Patience Required With Emerging Markets ETFs
It is now mid-July and at this point, it is fair to say most investors know 2013 has been a rough year for emerging markets ETFs. Select single-country funds have been disasters and the major diversified emerging markets ETFs have not been picnics, either. The Vanguard FTSE Emerging Markets ETF (NYSE: VWO), the iShares MSCI Emerging Markets Index Fund (NYSE: EEM) and the WisdomTree Emerging Markets Equity Income Fund (NYSE: DEM) are all saddled with large year-to-date losses.
Investors' patience with those ETFs and other funds is likely fried. They probably do not want to hear about investing for the long-term when so many emerging markets ETFs have disappointed in significant fashion relative to safer U.S. stocks.
The reality is patience is required with ETFs tracking developing world stocks and while investors do not need to rush into the aforementioned funds right now, there are some signs that 2014 could be a stronger year for emerging markets equities and not just because scores of these markets are cheap on valuation.
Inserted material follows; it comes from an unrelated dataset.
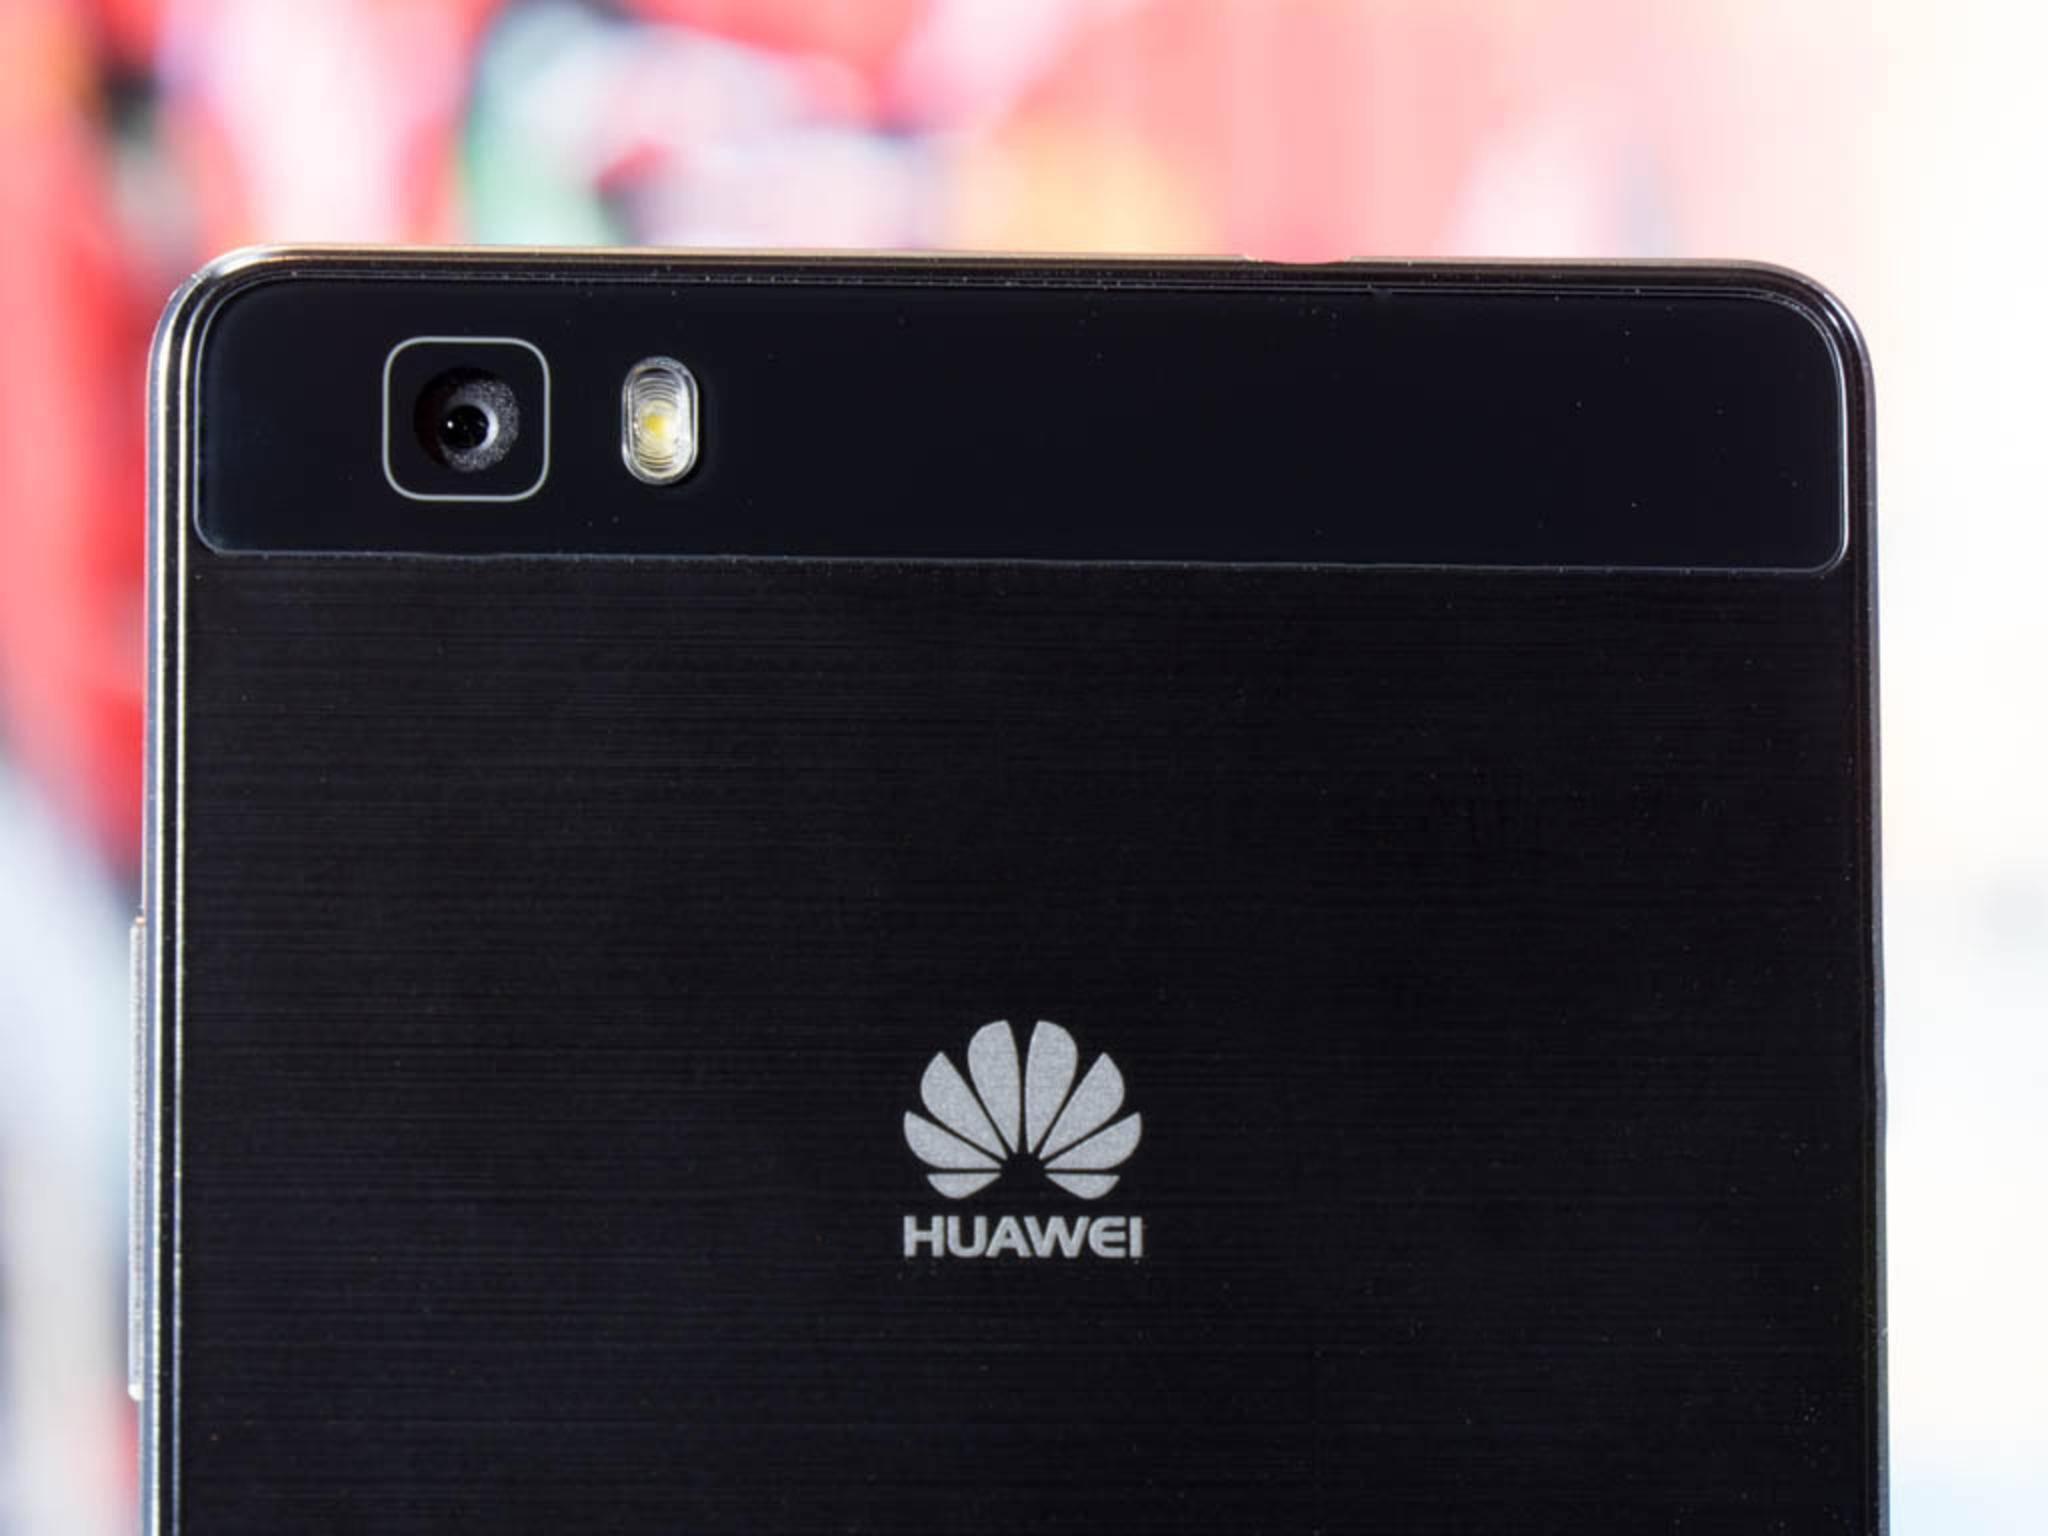 Die Rückkamera des Huawei P8 Lite und der LED-Blitz.

Dividends, a growing part of the emerging markets investment thesis, are improving. On a historical basis, a year following a "big" or elevated yield year, which 2013 is shaping up to be, can prove rewarding for emerging markets investors.
In March, WisdomTree Research Director Jeremy Schwartz noted that following high dividend years, the MSCI Emerging Markets Index returned an average of 33.03 percent compared to its average 24-year return of 17.47 percent.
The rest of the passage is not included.